AIM OF THE TASK -
Nothing in the data should change when you return it, but leave the pictures out.

ENTRIES SUPPLIED -
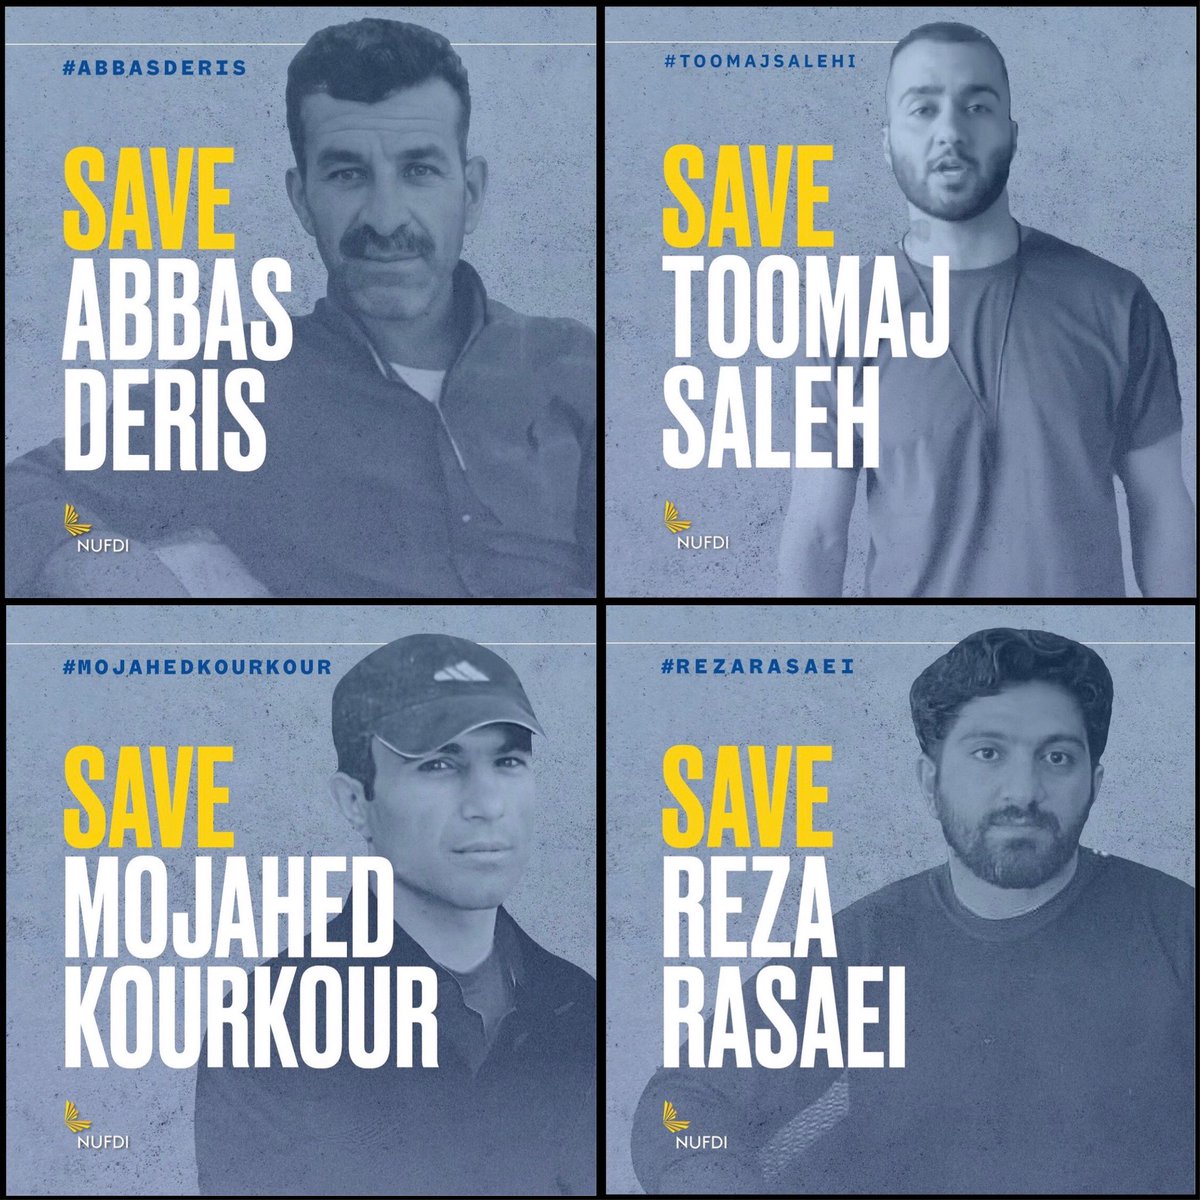 🚨 Urgent 🚨
#ToomajSalehi #RezaRasaei #MojahedKourkour #AbbasDaris lives are at imminent risk of execution by the Islamic regime in Iran at any moment!

Be their voice to save their lifes!

@JavaidRehman 
@USEnvoyIran
@UN_SPExperts

#StopExecutionsInIran

ANSWER TO THIS EXERCISE -
 🚨 Urgent 🚨
#ToomajSalehi #RezaRasaei #MojahedKourkour #AbbasDaris lives are at imminent risk of execution by the Islamic regime in Iran at any moment!

Be their voice to save their lifes!

@JavaidRehman 
@USEnvoyIran
@UN_SPExperts

#StopExecutionsInIran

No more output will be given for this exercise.